Bölüm 10

4.3K 247 21
                                    

Bu konuşmanın ardından ayağa kalkıp teşekkür ettim ve parktan ayrıldım ama doktor arkamdan bağırdı. "Hey, ııı... Bu özelliğinden kimseye bahsetmemen senin için en iyisi olacaktır. Devlet ajanları gerçek kimliklerini gizlerler. Kimin olduğunu bilemezsin."

Ben yine de kendimi tutamamıştım tabi ki de. Akşama doğru Jesse evime geldi. Birlikte maçı izliyorduk. Bana kumandayı uzatır mısın demişti, kumanda da uzanamayacağım bir mesafede sehpadaydı. Elimi uzatıp uzanmaya çalıştım. Ve kumanda elime geldi. 

Jesse ilk başta şaşkın bir ifadeyle "Bu bir tür sihirbazlık numarası falan mıydı yoksa örümcek adam mı oldun?" diye sordu.

Ona donuk bir suratla bakıp "Hayır, ben Gandalf'ım." dedim. İkimiz de güldük ama Jesse hala tam olarak ne olduğunu bilmek istiyordu. Yalan söylemeliydim. 

Ona şöyle dedim: "İyi bir sihirbaz sırlarını kimseye açıklamaz. Ama artık sihir-büyü gibi bir şey olmadığını bilecek kadar büyüdün değil mi?"

"Tabi ki de büyü diye bir şey olmadığını biliyorum Tom." dedi bana gülerek. 

Gözlerimi kısarak "Peki ya varsa?" dedim, gülmemek için kendimi zor tuttum. Ama bunların hepsi Jesse'nin olayı unutması içindi.
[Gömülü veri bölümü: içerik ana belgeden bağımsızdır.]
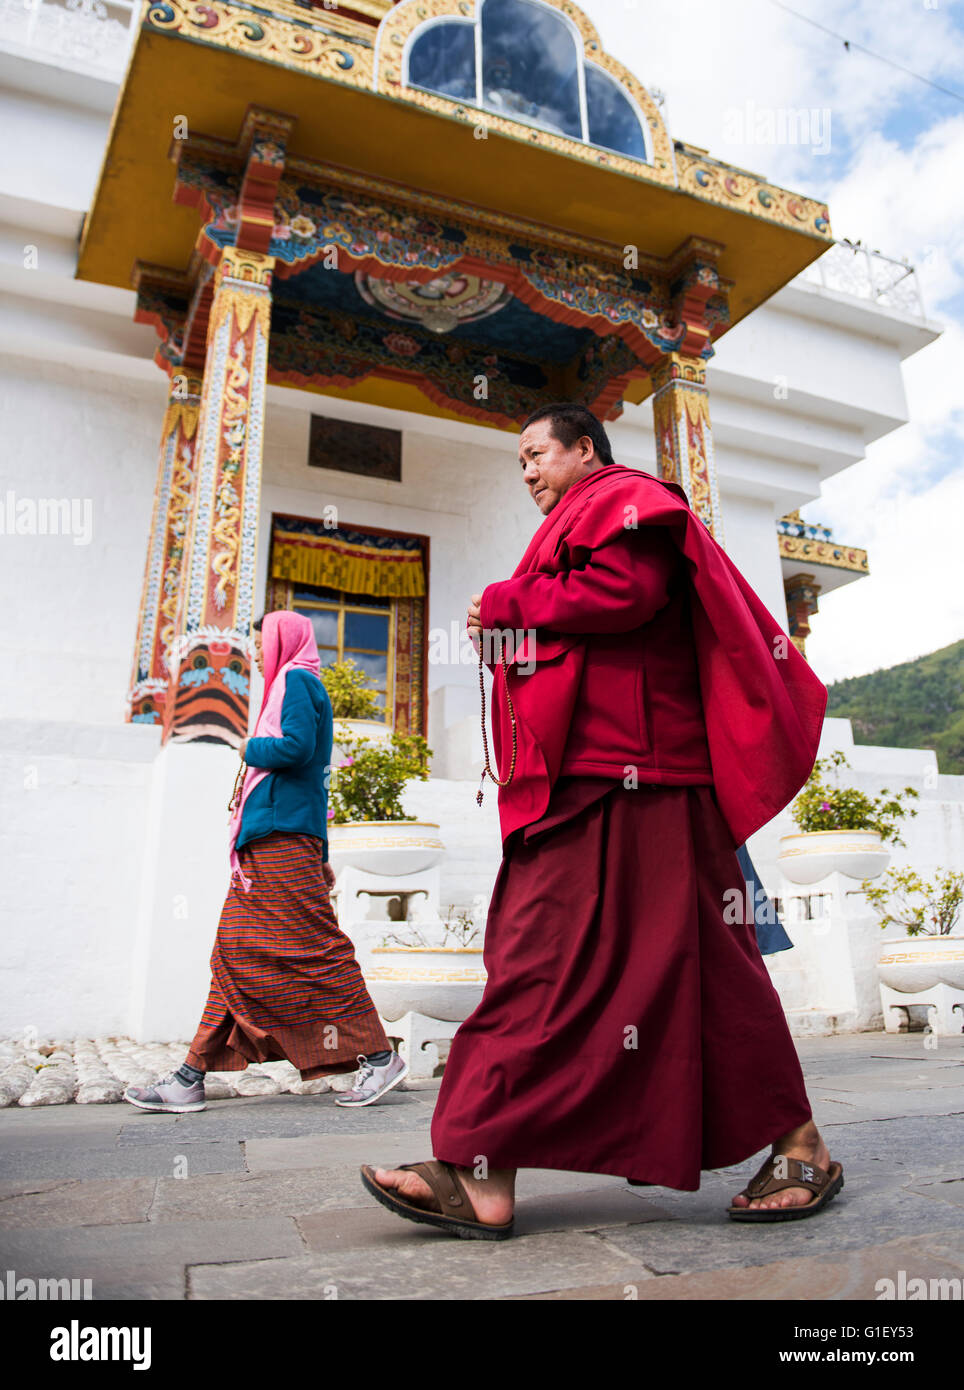 Le moine bouddhiste marcher autour de Jigme Dorji Wangchuck du Bhoutan Thimphu memorial Banque D'Images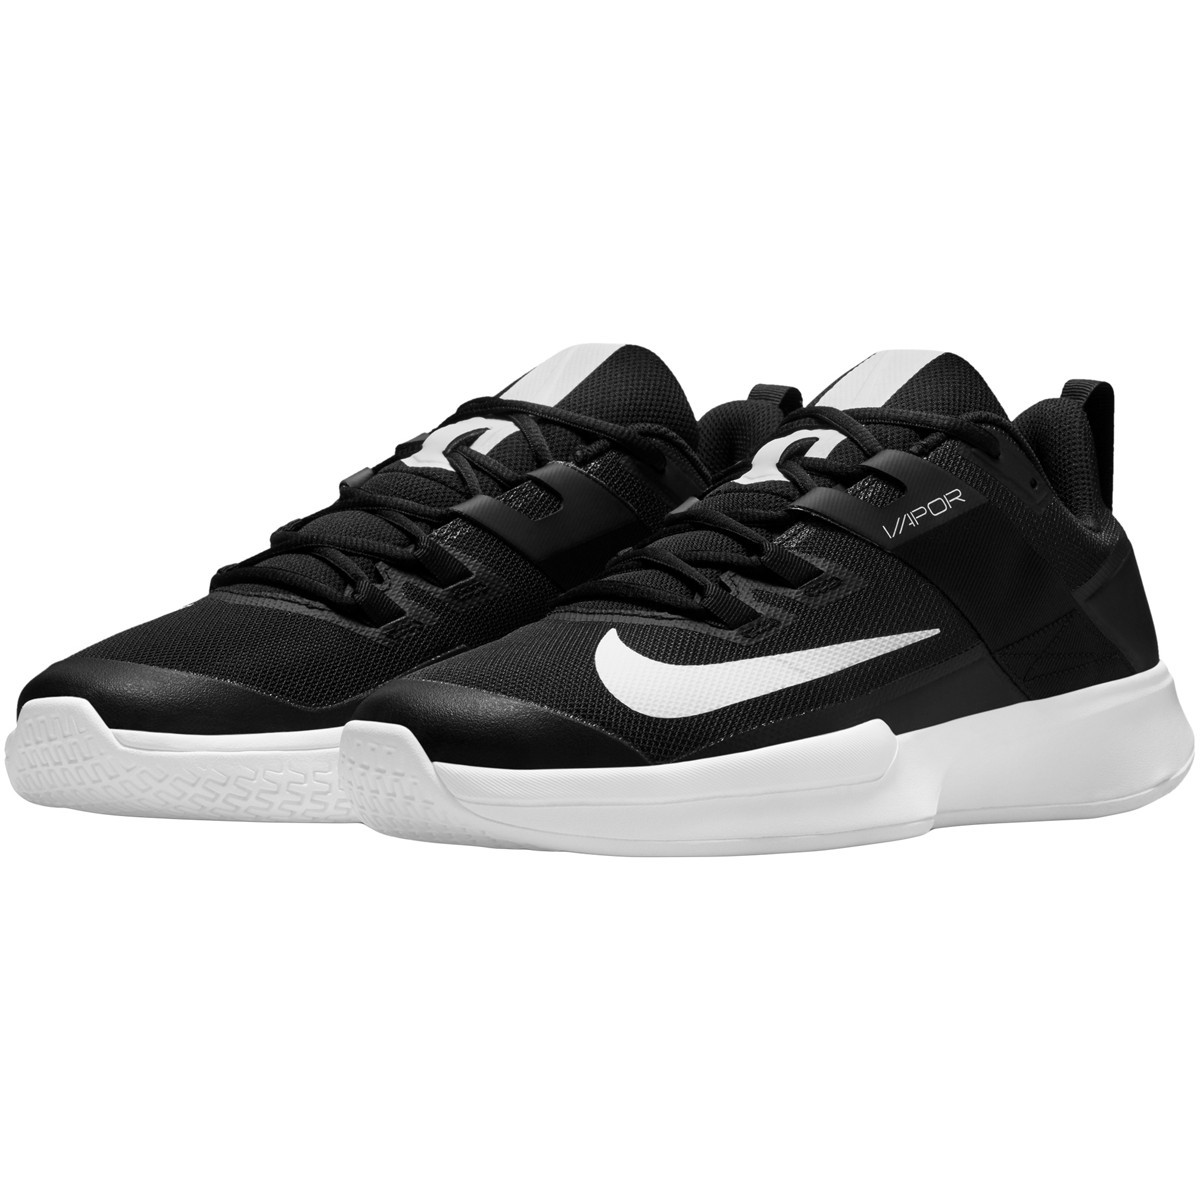 Теннисные кроссовки мужские Nike Court Vapor Lite black/white

Bir daha da böyle bir şey yapmayacaktım zaten.

Gerçi o kumandanın elime gelmesini istememiştim, elimi uzattığımda kendi kendine gelmişti. Yani bu demek oluyor ki toplum içinde bunu kontrol altına almanın bir yolunu bulmalıyım. Ardından aklıma bir fikir geldi. 

Kışın kullandığım eldivenlerim hala dolabımda duruyordu. Jesse gittikten sonra onları giyip bir deney yaptım. Eldivenleri giyip elimi kumandaya uzattım. Kumanda elime gelmedi. Demek ki çıplak bir el, benim için kontrolsüz bir eldi. Ama yaz ayında da eldivenle gezemezdim ya?

Doktoru aradım.

"Bunu kontrol etmenin bir yolu yok mu?"

"Var." diye cevap verdi. "Bir nesne düşün. Elini uzat, ama ona odaklanma. Odaklanmadığın sürece beynin o nesneyle irtibata geçmez. Ama yine de eldiven kullanmak en garanti yolu. Başka bir yolu var mı bilemiyorum."

Ne yapmam gerektiğini biliyordum. Bir şeyi düşünürken tamamen ona odaklanmanın yolunu bulmalıydım. Tüm akşam boyunca elimi kumandaya uzatıp başka bir şey düşündüm ve kumandanın elime gelmemesini bekledim. Yüzlerce kez denedim ama en sonunda başarmıştım. Ya da beynimin pili bitmişti - kabul ediyorum iğrenç bir espri. Her neyse, ben her ihtimale karşı bundan sonra eldiven ile gezmeyi planlıyordum. 

Onun dışında da, hayatımı yaşamak için paraya ihtiyacım vardı. İlk bir hafta Jesse'den geçinmeye sonra da bir iş bulmaya karar verdim. Patronuma o kadar sert konuşmasaydım şimdi tekrardan eski işime geri dönme fırsatım vardı.

Sabah ilk iş elimi gazeteye uzattım (buradaki ince espriyi anlamanız için ikinci kez okumanızı tavsiye derim) ve iş ilanlarına bakmaya başladım.